2. If you rub your skin, dust rises from it in little clouds.

3. So you plaster yourself in moisturiser, and then your body is kind of greasy and clammy.

4. Your lips go all dry and flakey.

5. You have to apply lip balm every 30 minutes.

6. Your lips seem to become even drier when you’re having a conversation with someone important, so you have to choose between awkwardly putting your lip balm on mid-conversation, or risking your lips cracking.

7. You pick dry bits off your lips.

8. Which sometimes goes too far, then your lips bleed.

9. Your lipstick sticks to the dry patches and goes into blobs.

10. So you slather on the lip balm again for that permanent greasy mouth look, which is your style in winter.

11. Your tights refuse to stay up by your crotch, and instead gravitate towards mid-thigh.

12. You find yourself constantly pulling your tights up, accidentally flashing your bum every now and then.

13. Or you just let the crotch ride low, which for some reason feels both annoying and strangely repellent at the same time.

14. You get a sweaty bum from wearing nylon tights all day.

15. You realise you’ve been wearing the same pair of tights for over two weeks without washing them, and wonder how unhygienic it is.

16. You get thrush.

17. You discover moths have destroyed ⅓ of your winter jumper collection.

18. You discover moths have destroyed the area around your nipple on your jumper, but it’s too late because you’re at work already and now you have to keep explaining to everyone that moths ate your jumper.

19. Then you feel like everyone thinks you’re infested with moths.

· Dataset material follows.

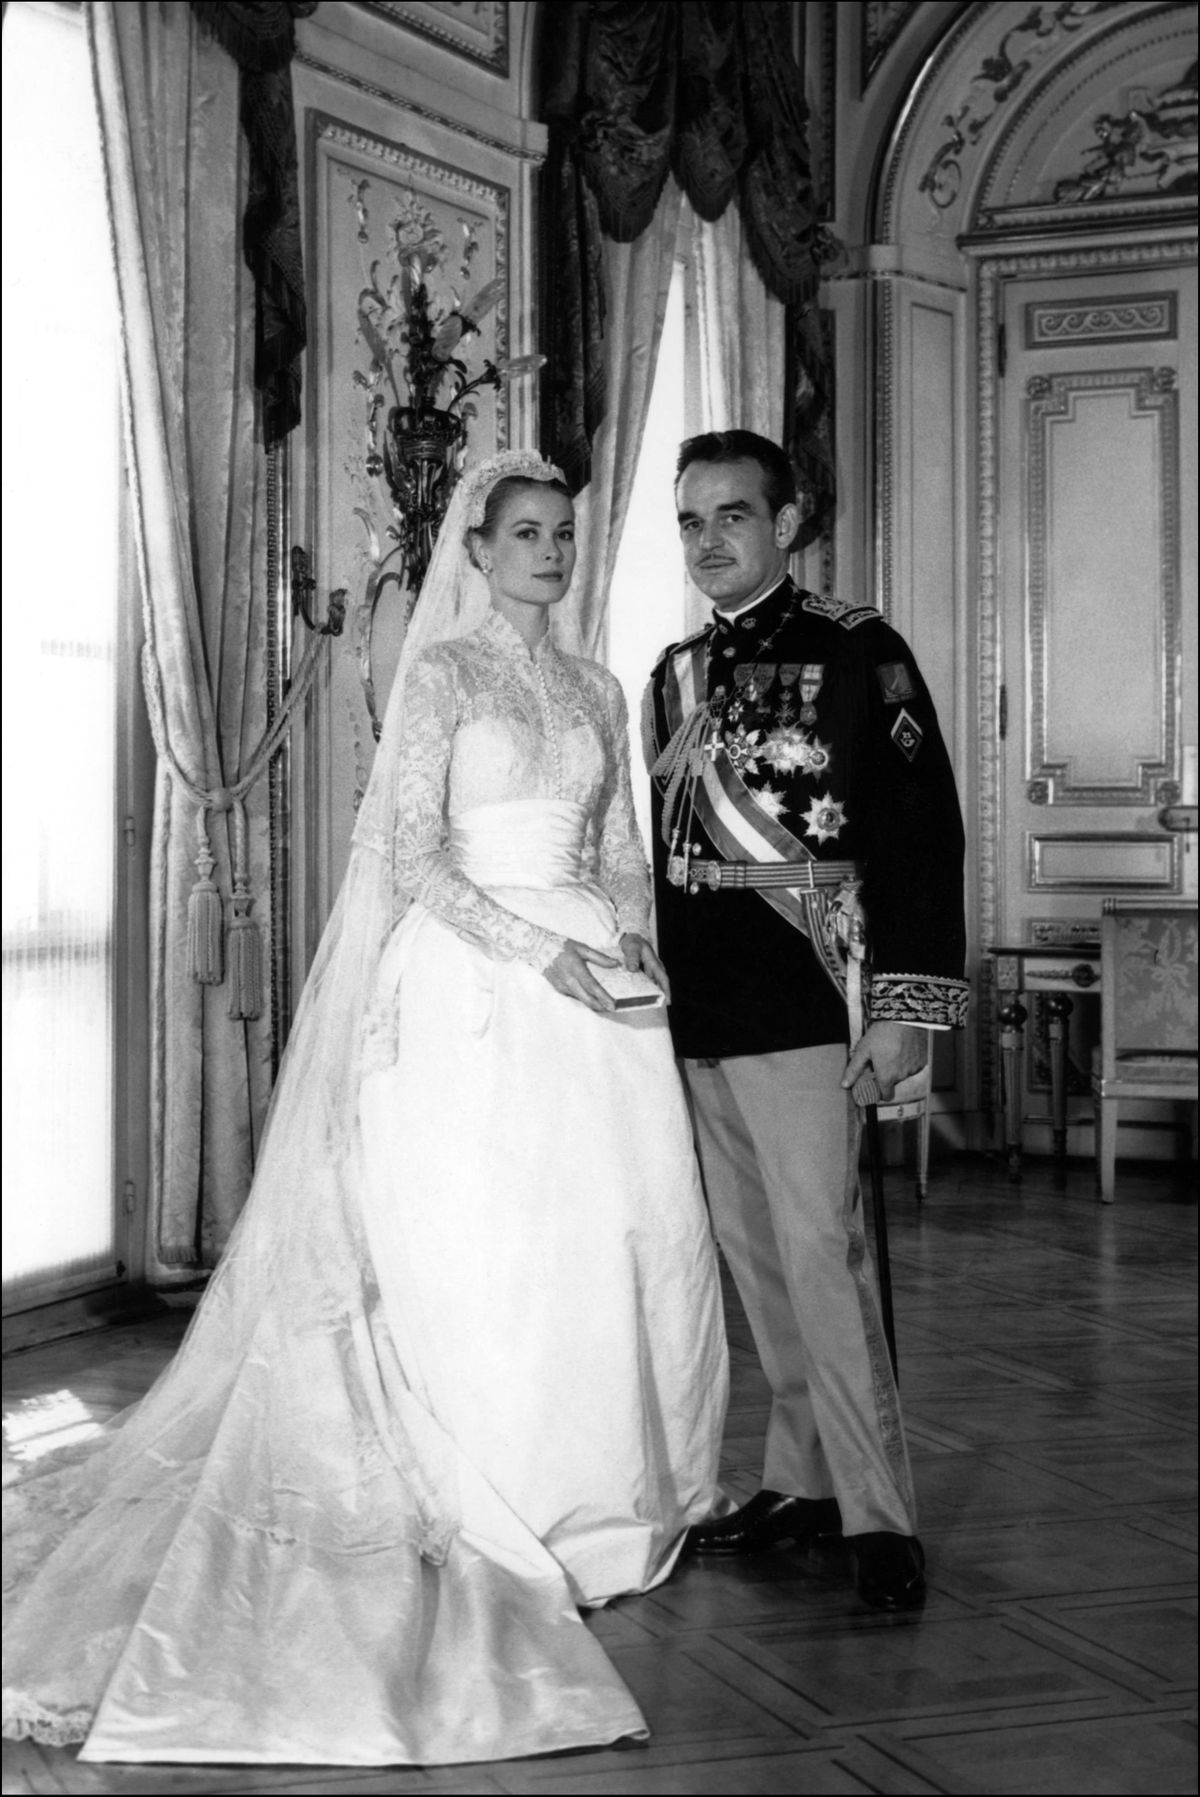 Grace Kelly and Prince Rainier of Monaco during their wedding ceremony in Monaco on April 19, 1956. (Photo by AFP)

20. You get excited about the cold weather, bundle up in a brand new fluffy jumper, tights, scarf, and boots, then sweat like a beast as soon as you enter a building.

21. You realise you’re only wearing an ugly old vest under your jumper so you have two choices: Sweat like a beast some more, or rock the ugly old vest with your stubbly armpits, feeling naked and on display.

22. You decide to just carry on sweating.

23. Your cheeks go bright red and blotchy from how damn hot every building is.

24. You go to the toilet so you can strip off your jumper and cool down for a moment.

25. You discover you have boob sweat even though it’s late autumn and only 10°C outside.

26. Having learnt from your past mistakes, the next time you go out you wear a thin jumper and jacket.

27. You realise you’re fucking freezing the moment you walk just too far to justify going back to your house to change.

28. Your nipples poke through your jumper like a pair of frozen peas.

29. Your skin turns slightly blue and your lips go greyish as all the blood in your body rushes to your vital organs.

30. You feel a scratchy niggle at the back of your throat, and realise it’s sore when you swallow.

31. The virus has seen its chance.

32. You spray cold defense medicine up your nose, and pray the salty trickle running down your throat will work.

33. You sneeze seven times in a row and know it hasn’t.